Between 1874 and 1878, restorer Salvador Martinez Cubells removed more than 140 centimeters (55 inches) of landscape and sky to the right of the postulant witch, where the paint had been badly damaged. This alteration significantly shifted the work's centre of balance; the young woman was no longer near the middle of the composition, thus reducing both her prominence and the possibility that she was seen to be the focus of the work.

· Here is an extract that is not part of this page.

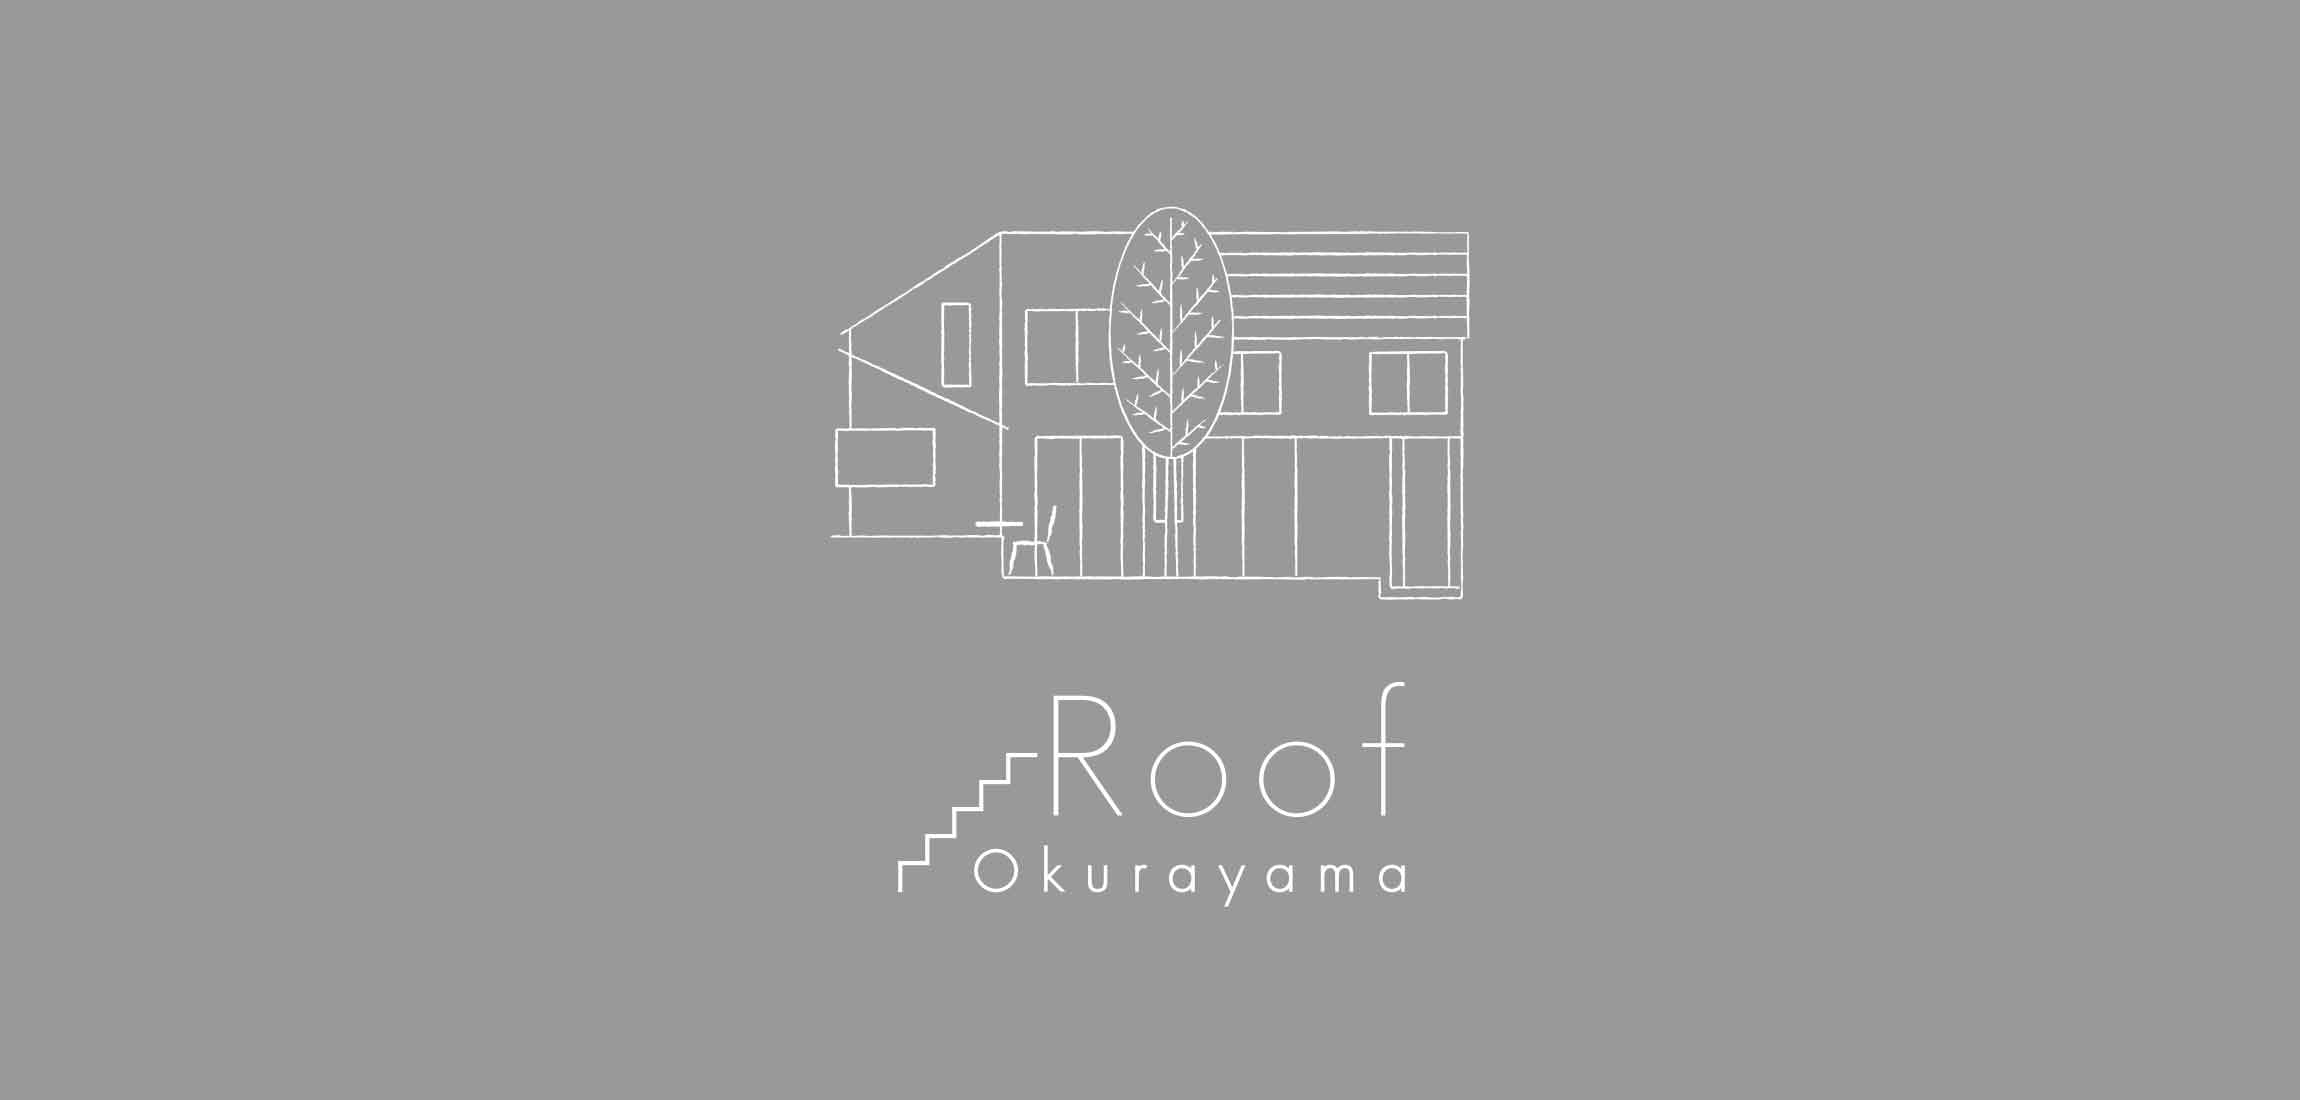 Roof Okurayama | カフェ | ロゴ・ロゴマーク
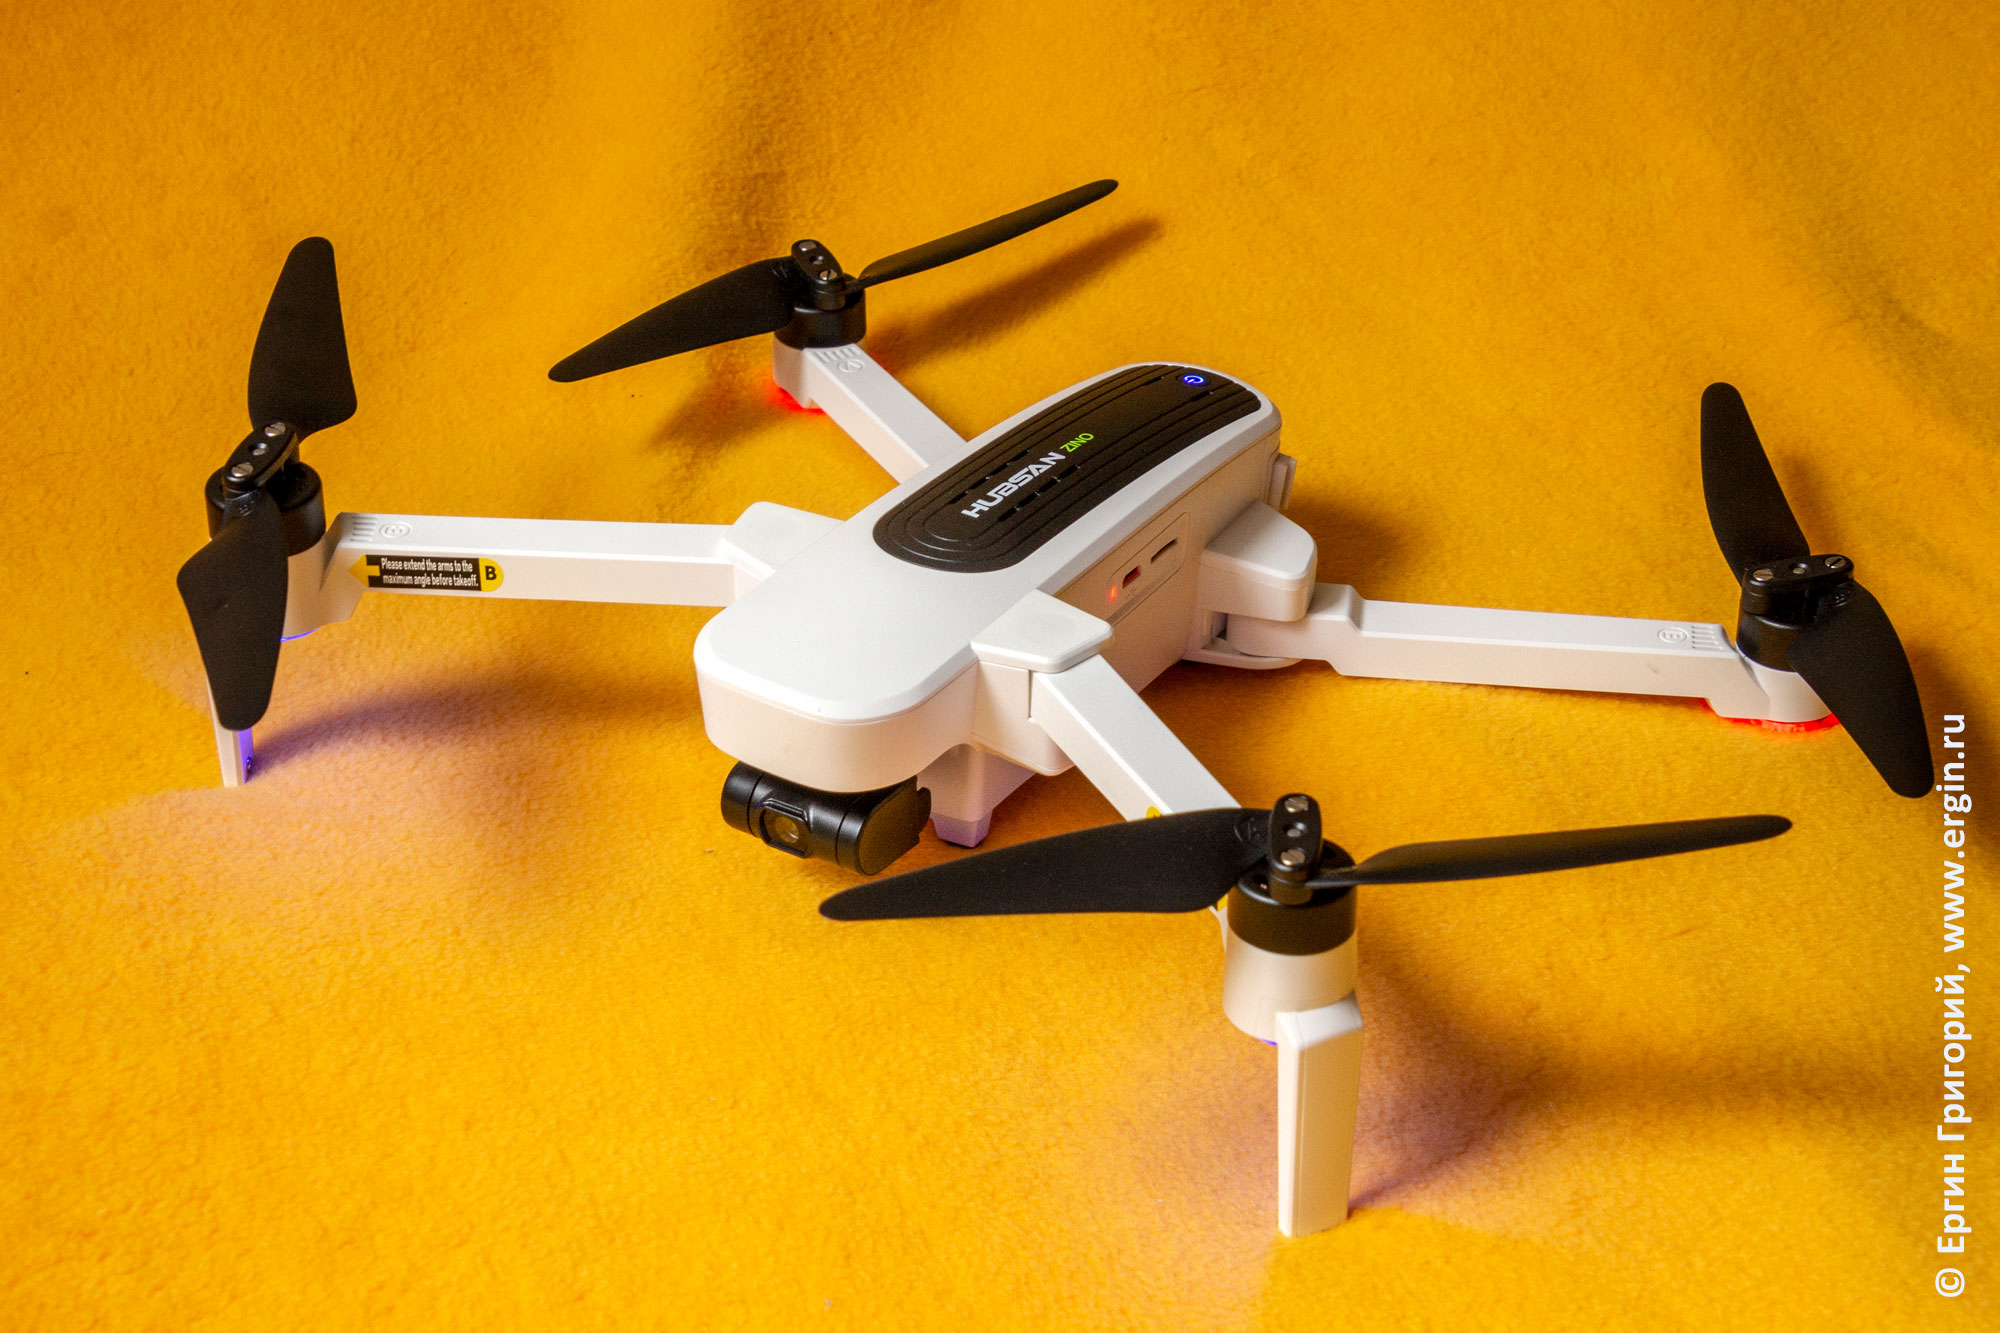 Обзор квадрокоптера дрона Hubsan Zino H117S

Some art historians believe the removed area on the right was beyond restoration, given how unlikely it is that a large section of a painting by an artist of Goya's stature would be lightly discarded. However, the removal may have been for aesthetic reasons, with the resultant empty space intended to bring balance to a canvas perceived as overlong. If this was Cubells' reasoning, it was misguided (he was not an accomplished painter and lacked insight into Goya's intentions); Goya had often used empty space to dramatic and evocative effect, as seen in The Dog from the same series, and his print Unfortunate Events in the Front Seats of the Ring of Madrid, and the Death of the Mayor of Torrejón.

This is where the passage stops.